Lawrence Correctional Center
- Interactive map of Lawrence Correctional Center
- Location: 10930 Lawrence Road Sumner, Illinois;
- Status: Open
- Security class: Maximum
- Capacity: 2458
- Opened: 2001
- Managed by: Illinois Department of Corrections

= Lawrence Correctional Center =

The Lawrence Correctional Center is a maximum security adult male prison of the Illinois Department of Corrections in Sumner, Illinois, approximately 65 mi north of Evansville, Indiana. The prison opened in November 2001 and has an operational capacity of 2,458 prisoners.

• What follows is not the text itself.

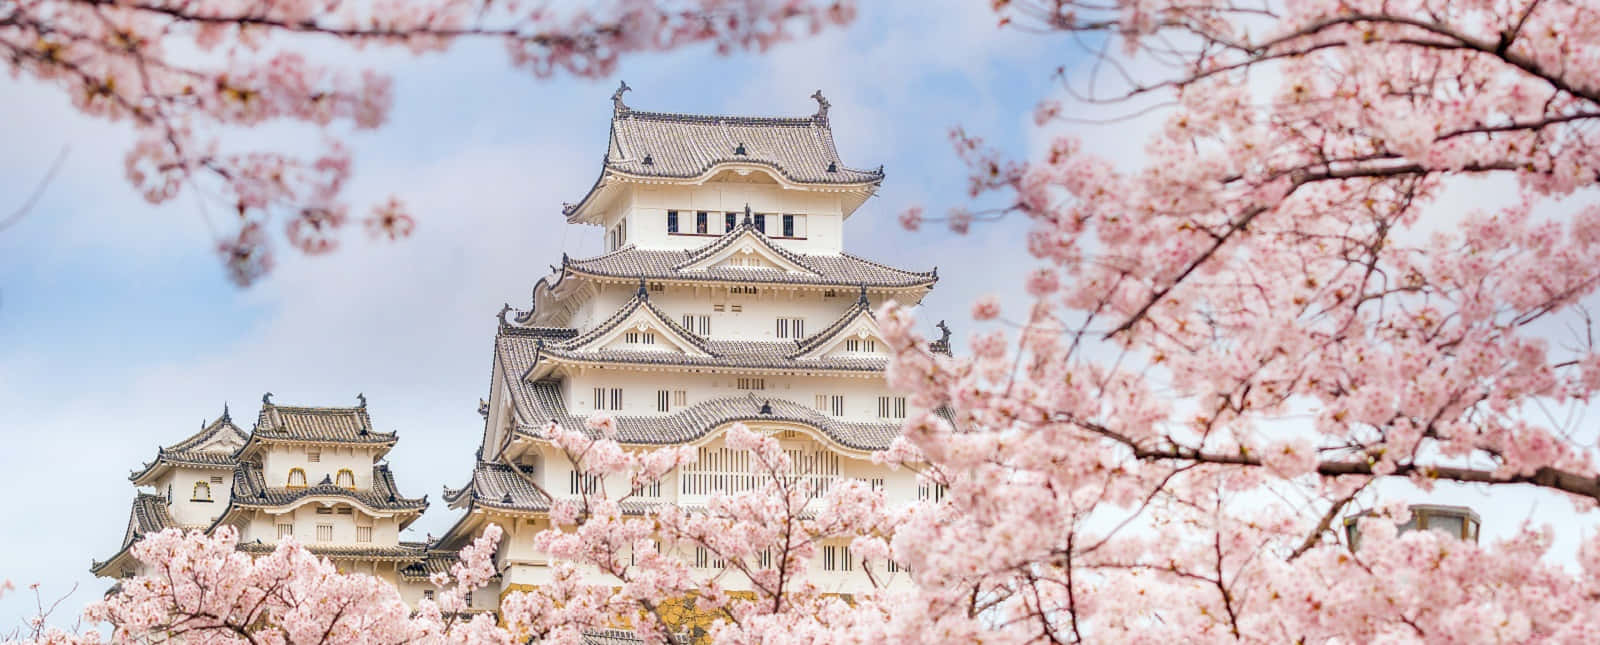 Imagendel Castillo De Himeji Con Cerezos En Flor
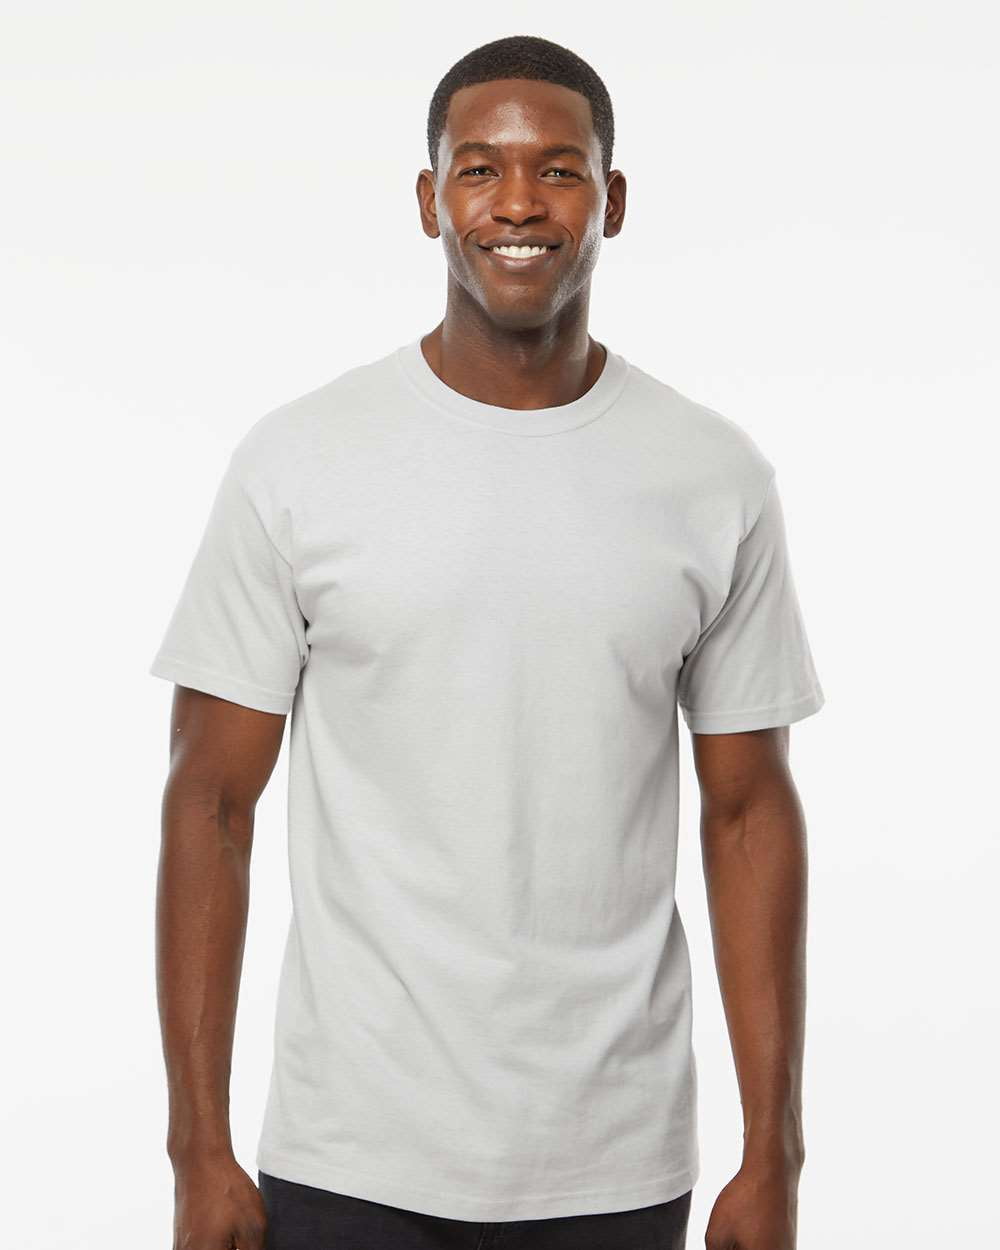 M&O Gold Soft Touch T-Shirt - Walmart.com

In July 2026, two guards at the prison pleaded guilty to federal charges of conspiring to violate an incarcerated person's civil rights. A press release issued by the U.S. Attorney's Office in the Southern District of Illinois reported that the unnamed prisoner was shackled to a chair and was struck in the face, head, and body by guards. His injuries were extensive and later required reconstructive surgery. U.S. Attorney Steven D. Weinhoeft said that "By their own admissions, these two officers crossed the line into vigilantism." The previous year, a guard had been sentenced to local jail after pleading guilty to bringing drugs into the prison.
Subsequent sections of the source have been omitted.